Значительно поредевшие к концу 1942 г. рабочие колонны и стройбатальоны были пополнены национальными кадрами, мобилизованными в Среднеазиатском военном округе (САВО). По оценке Б. П. Дементьева, на Урал их в годы войны прибыло более 95 тыс. человек[199].

Межреспубликанское маневрирование людскими ресурсами имело командную, принудительную основу. Уже сами приемы мобилизации среднеазиатского населения говорят о многом: военкоматы производили «отбор» авральным порядком, часто — из тюрем и прямо «с улицы». В докладных, направляемых в центр, уральские власти отмечали, что прибывающие из Средней Азии трудармейцы в большинстве совсем пожилые люди — в возрасте 45—55 лет и даже старше, медицинского освидетельствования при мобилизации не проходили. В результате этого заводы, стройки, шахты, лесопункты получили рабочих больных, ослабленных, непригодных к тяжелому физическому труду. В первые же месяцы они во множестве, по заключениям ВТЭК, отправлялись с Урала обратно. С другой стороны, местные власти, экономические структуры оказались не готовы к приему и обустройству столь мощного дополнительного потока рабочей силы. К тому же новое рабочее пополнение не имело навыков индустриального труда, было, как правило, неграмотным. Серьезные проблемы создавал языковой барьер. Основная масса среднеазиатских рабочих трудилась малопроизводительно. Многие пытались выхлопотать себе документы для отъезда на родину, применяли голодовки, пили соленую воду, чтобы вызвать отеки, дезертировали. К этому их часто побуждало и отношение хозяйственных руководителей, которое в документах того времени оценивалось как преступный произвол.

Вскрывая эти факты, мы не склонны утверждать, что местными властями ничего не предпринималось для нормализации положения среднеазиатских трудармейцев.
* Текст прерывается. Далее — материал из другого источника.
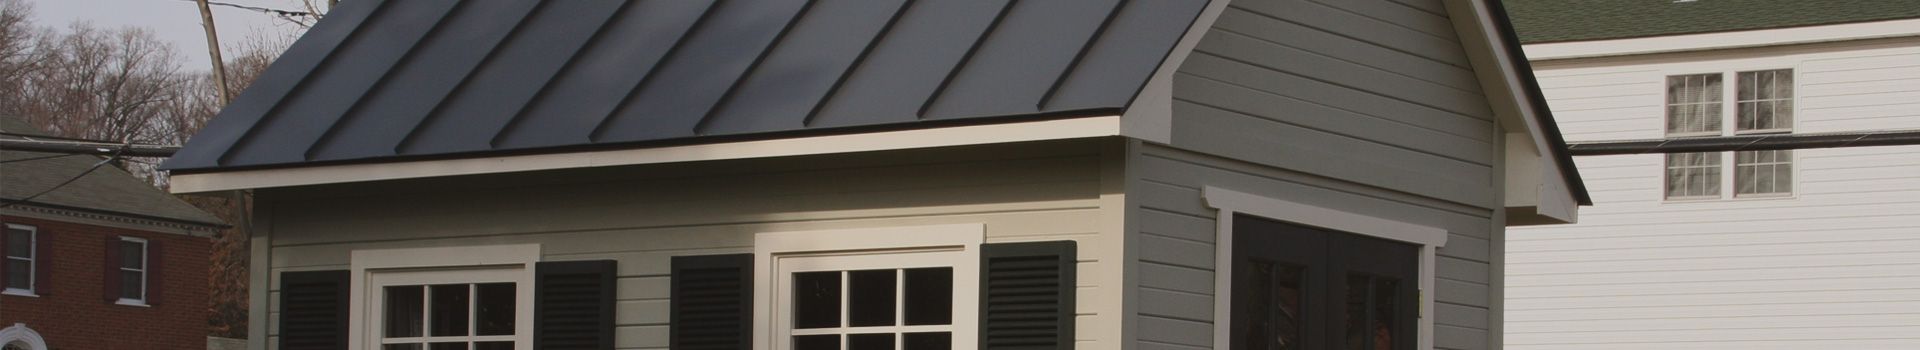 Roofing information beauty shot Summerwood products

Архивные документы дают возможность проследить усилия партийно-государственных структур по улучшению их быта с учетом национальной специфики, обучению производственным навыкам, ведению политико-воспитательной и культурно-массовой работы среди них. Определенную помощь оказывали и власти союзных республик. Обо всем этом довольно обстоятельно сказано в ряде публикаций[200]. Однако, нам представляется, что направление на Урал мобилизованных из САВО в том виде, как это произошло, было актом неверным по сути, обернувшимся; множеством бессмысленных человеческих жертв. К концу 1943 г. это стало очевидным не только для местных, но и для центральных властей. С ноября 1943 г. массовые мобилизации населения Средней Азии для работы за пределами республик уже не проводились. Одновременно в конце 1943—1944 гг. по специальному указанию СНК СССР осуществлялась массовое демобилизация среднеазиатских рабочих[201].

В экономике военного периода широко применялся труд несвободного населения: заключенных ГУЛАГа, военнопленных, трудмобилизованных советских немцев, трудпоселенцев и спецпереселенцев.
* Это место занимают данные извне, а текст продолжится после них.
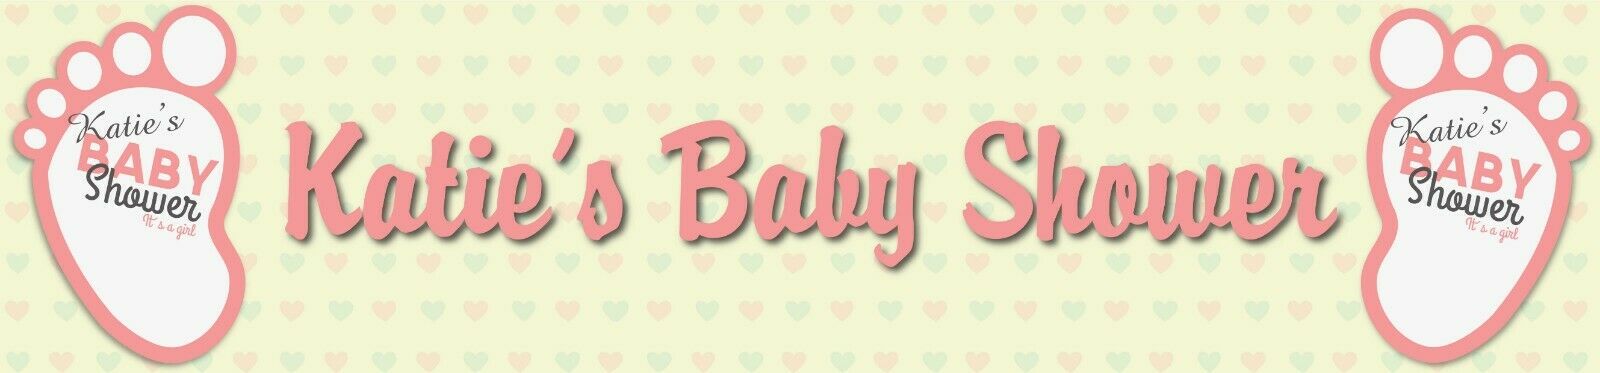 personalised banners - Baby Shower Banner

Еще в пору индустриализации трудовое использование лагерного контингента на Урале представляло собой значимую величину. В годы первой пятилетки на территории Уральской области насчитывалось более 30 лагерей. Только на Магнитострое в то время трудилось свыше 20 тыс. заключенных[202]. С началом войны на Урал из местностей, объявленных на военном положении, этапировались заключенные, не подлежавшие освобождению, проведенному летом 1941 г.: политзаключенные, немцы, финны, румыны, венгры, итальянцы, латыши, литовцы, эстонцы. За счет эвакуированных лагерей формировались новые, расширялись старые.

Поступление новых лагерных контингентов и запросы военной экономики имели встречный характер. Уральские лагеря и колонии, как правило, были контрагентскими, т. е. производственными, поставлявшими рабочую силу промышленным предприятиям на основе специальных соглашений. В них в связи с необходимостью выполнения производственных планов вставал специфический вопрос о нетрудоспособных заключенных. В постановлениях властных структур обнаруживается предельно утилитарный подход к его решению. Бюро Карабашского горкома ВКП(б) в ноябре 1943 г. поставило задачу «расчистить колонию от контингента, не могущего быть использованным на предприятиях Карабаша»[203]. Какими путями происходили «изъятие» и «расчистка», доступные документы умалчивают.

В период Великой Отечественной войны положение заключенных ГУЛАГа ухудшилось: сократились нормы питания, уменьшилось вещевое довольствие, ужесточился лагерный режим, повысились нормы выработки. За счет перенапряжения заключенных объекты военной промышленности выполняли и перевыполняли плановые задания, начальники строек, заводов и шахт, администрация ИТЛК получали премии и награды. Суммарная выработка норм в системе ГУЛАГа значительно поднялась: если в 1941 г. на 1 отработанный человеко-день она составляла 9 руб. 50 коп., то в 1944 г. — 21 руб. Параллельно этому увеличивалась смертность: в 1942 г. в лагерях ГУЛАГа умерло в 5,3 раза больше, чем в 1940 г[204].

Зимой 1942—1943 гг. сверху была спущена директива о срочных мероприятиях по физическому оздоровлению заключенных. Челябинский обком ВКП(б) в январе 1943 г. обсудил вопрос «О создании хозорганами бытовых условий для рабсилы заключенных, работающих на заводах и стройках Челябинской области»[205]. Какой-то кратковременный эффект внимание к указанной проблеме, возможно, и имело, но измениться в корне система не могла: раб должен использоваться максимально, иначе он невыгоден. Именно в этой плоскости и лежала «забота» властей об оздоровлении лагерного контингента, а от руководителей ИТЛК по-прежнему жестко требовали увеличить выход заключенных на работу и фактическую выработку норм.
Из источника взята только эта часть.